FINDING THE GOOD
A walking tour reveals the best parts of Canada’s worst neighbourhood,
VANCOUVER, B.C.— The man is dancing and watching his reflection in the window, humming to music only he can hear and oblivious to the small group of visitors walking past.
We’re making our way through Vancouver’s Downtown Eastside, widely considered the worst neighbourhood in Canada.
But unlike tourists who stumble into the downtrodden area while trying to find their way between historic Gastown and colourful Chinatown, we have come on purpose to the area notorious for its poverty, addiction, prostitution, mental illness and homelessness.
“What you’ll see may shock you. There’s alcoholism and sadness,” our guide, Jenn Potter, says as we walk toward Hastings St. “But no one will bother you. You’re 100-per-cent safe.”
We are taking a “Socially Responsible Van” tour and, along with the sadness, we’re seeing social enterprises that are “making a difference a little bit at a time.”
Potter started giving the tour in 2014 for ToursByLocals.
“I’ve probably toured over a couple hundred people through the Downtown Eastside, a place most tourists either avoid or walk through without understanding what they’re seeing,” she says.
We pause for a little heads-up before walking by Pigeon Park, where people are curled up in sleeping bags on the pavement or standing around chatting on this sunny afternoon.
“My philosophy is that understanding a neighbourhood and its people creates more compassion, empathy and productive communication around social issues,” Potter says.
We visit East Van Roasters where they make their own bean-to-bar chocolate in the back and serve good strong coffee in the front. The busy little shop also hires marginalized women who are fighting addiction.
We pop into Skwachays Lodge. The boutique hotel run by the Vancouver Native Housing Society has a totem pole outside and a sweat lodge inside.
The lodge has three floors of residences and three floors of hotel rooms that showcase different native artists. One has poetry written on the walls and another celebrates the raven.

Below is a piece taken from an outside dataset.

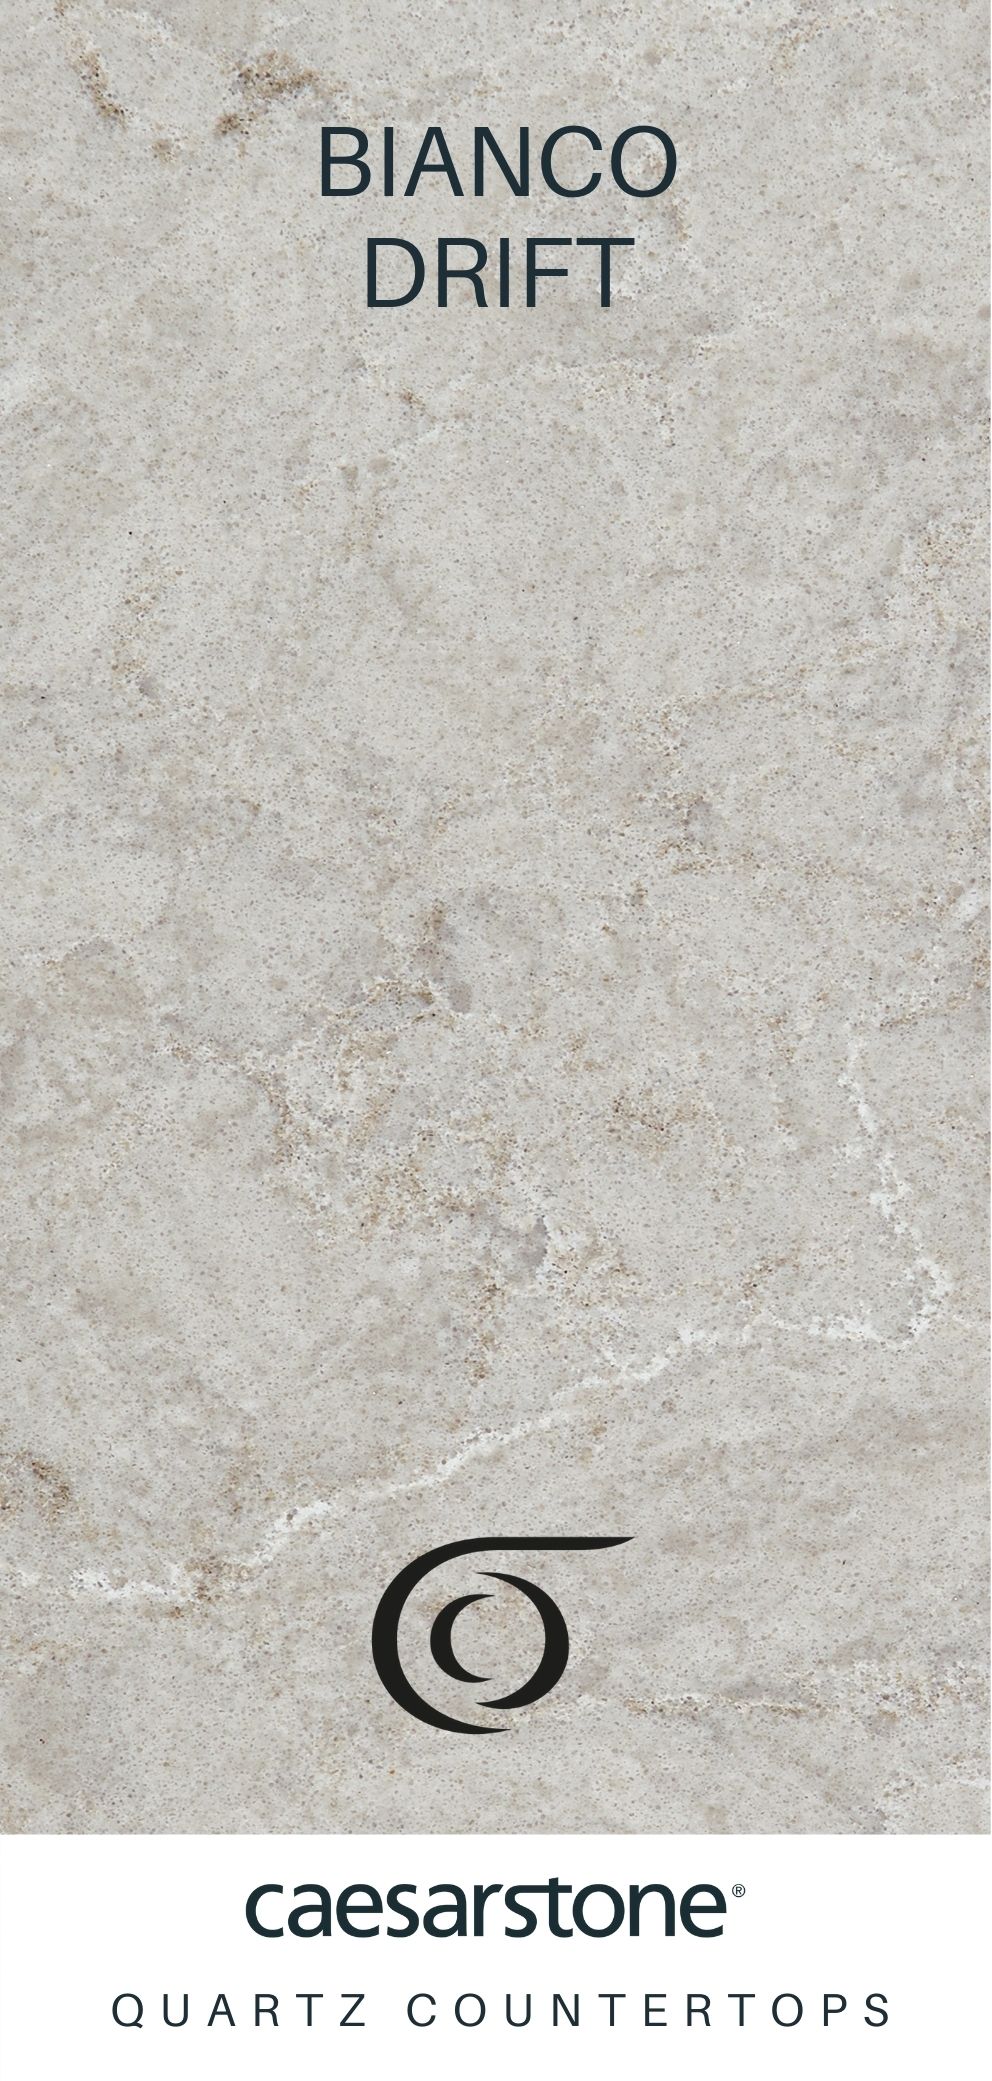 Caesarstone Quartz Countertops Bianco Drift

We stop to look at a faded mural on the side of a social housing building. The photos of people jumping for joy are tattered and peeling off the brick, but you can still feel their joy.
We head down an alley with a mattress on the ground and a man slumped against a wall. We go through a metal door and climb the stairs to the Karma Teachers yoga studio, where light pours in and students pay whatever they can afford.

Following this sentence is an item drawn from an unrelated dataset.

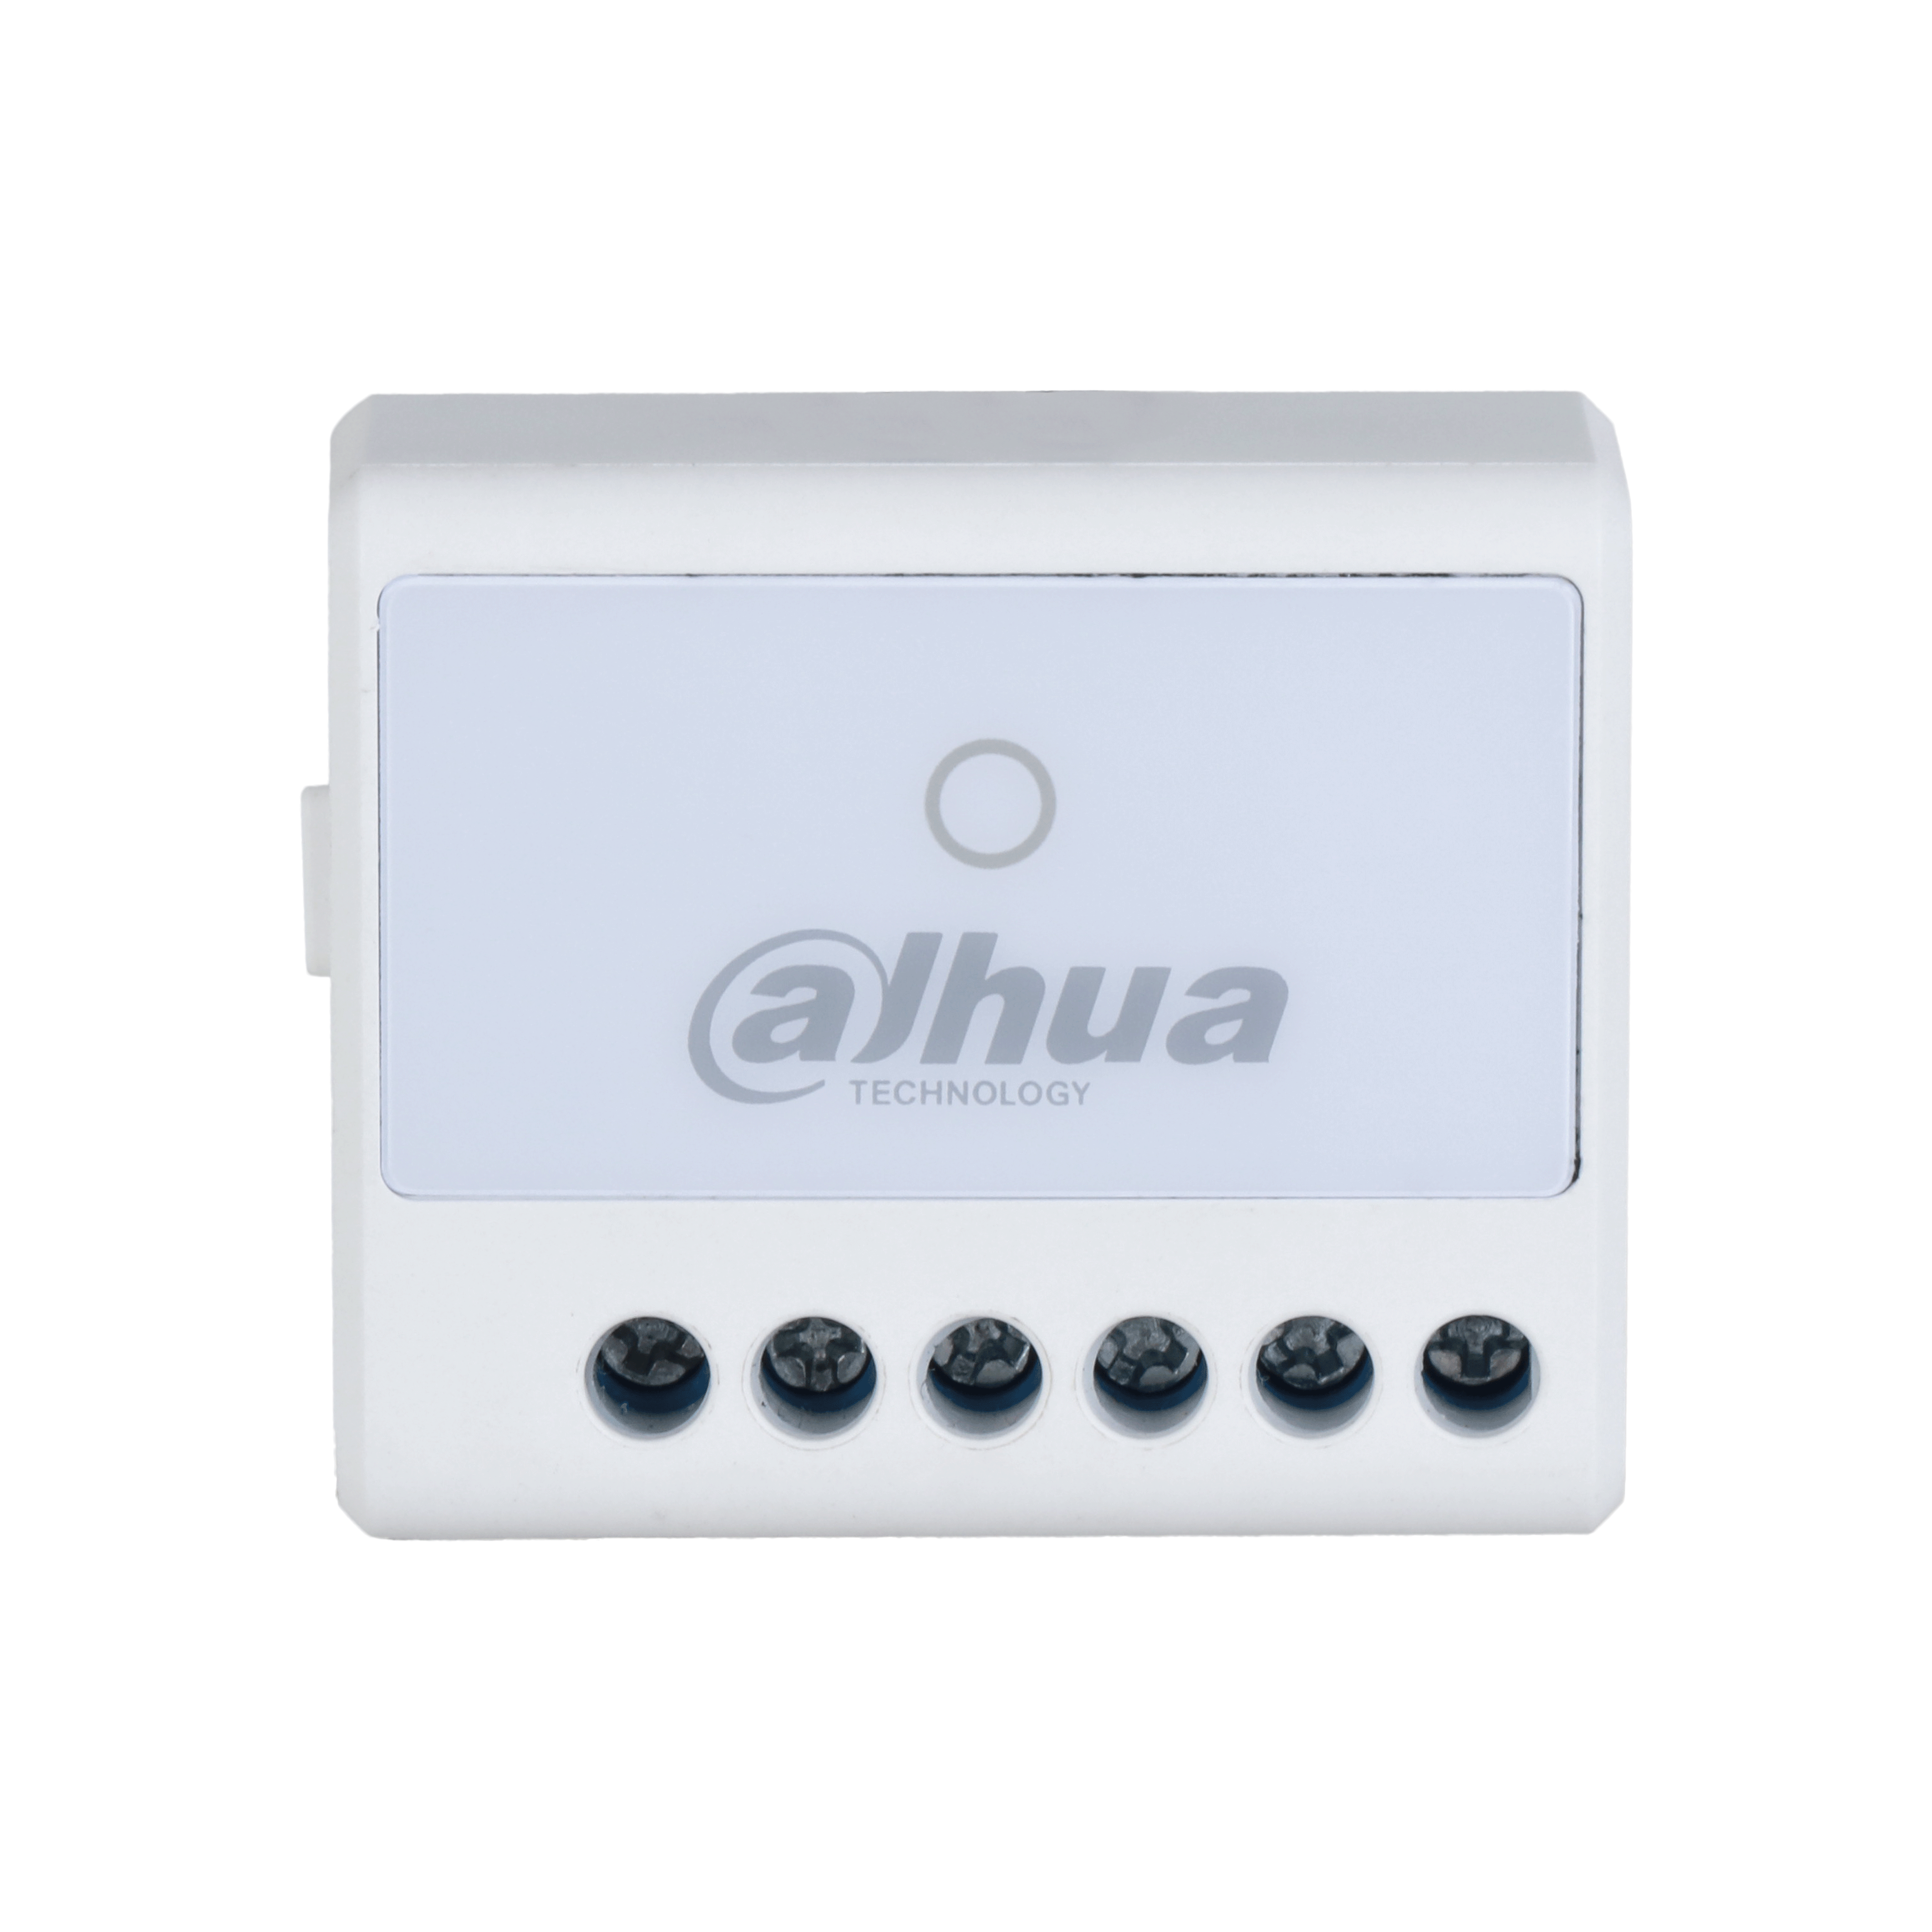 DAHUA ARM7011-W2(868) Dahua Wireless Relay

And we go next door to Save on Meats, a diner that serves boozy milkshakes with bacon crumbled on top to students and hipsters in expensive shoes.
But the diner also feeds a lot of the marginalized people with its token program. One $2.25 token equals one sandwich. Corporations buy them in bulk to distribute through social agencies.

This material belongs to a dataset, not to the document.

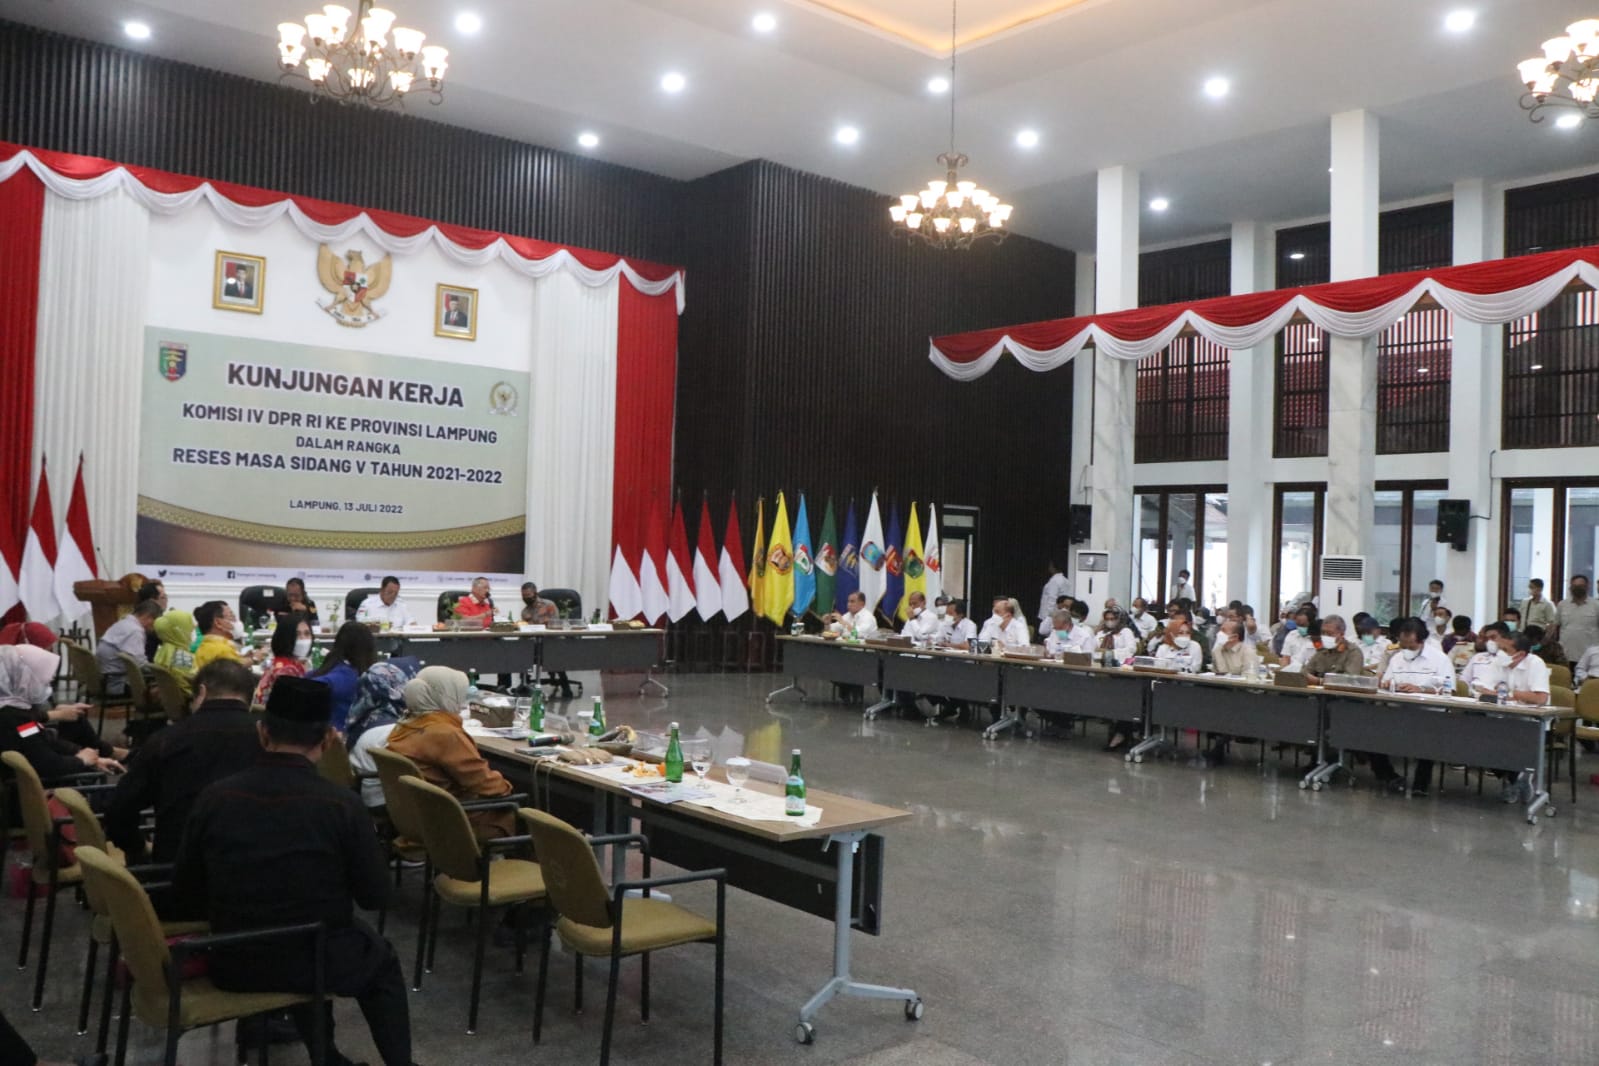 Komisi IV DPR RI Minta BPTP Lampung Membantu Penguatan Kerjasama Inovasi Budidaya Lada untuk Mendukung Revitalisasi

Potter hands each of us our own token, with strict instructions to give it away before the end of the tour.
Within minutes of leaving the diner, a man in a dirty coat asks for money. Instead of ignoring him or giving him a fiver that might go toward his next high, you hand over the token, knowing it will go toward a meal and not addiction.
You give him a sandwich and you give yourself the opportunity to look an invisible person in the eye.
“This has changed my life,” Potter says. “I’m braver now.”
Like many locals, she used to steer clear of the Downtown Eastside. She hopes the people she brings here will leave knowing about the good that’s happening.
As we walk down Hastings St., a couple from Quebec wandering back from Chinatown looks a little lost and more than a little confused.
We stop and get them pointed in the right direction before Potter takes us deeper into the neighbourhood and “a more nuanced understanding of the hope that exists for the marginalized groups in this complicated community.” Jennifer Allford was hosted by Tourism Vancouver and its partners, which didn’t review or approve this story.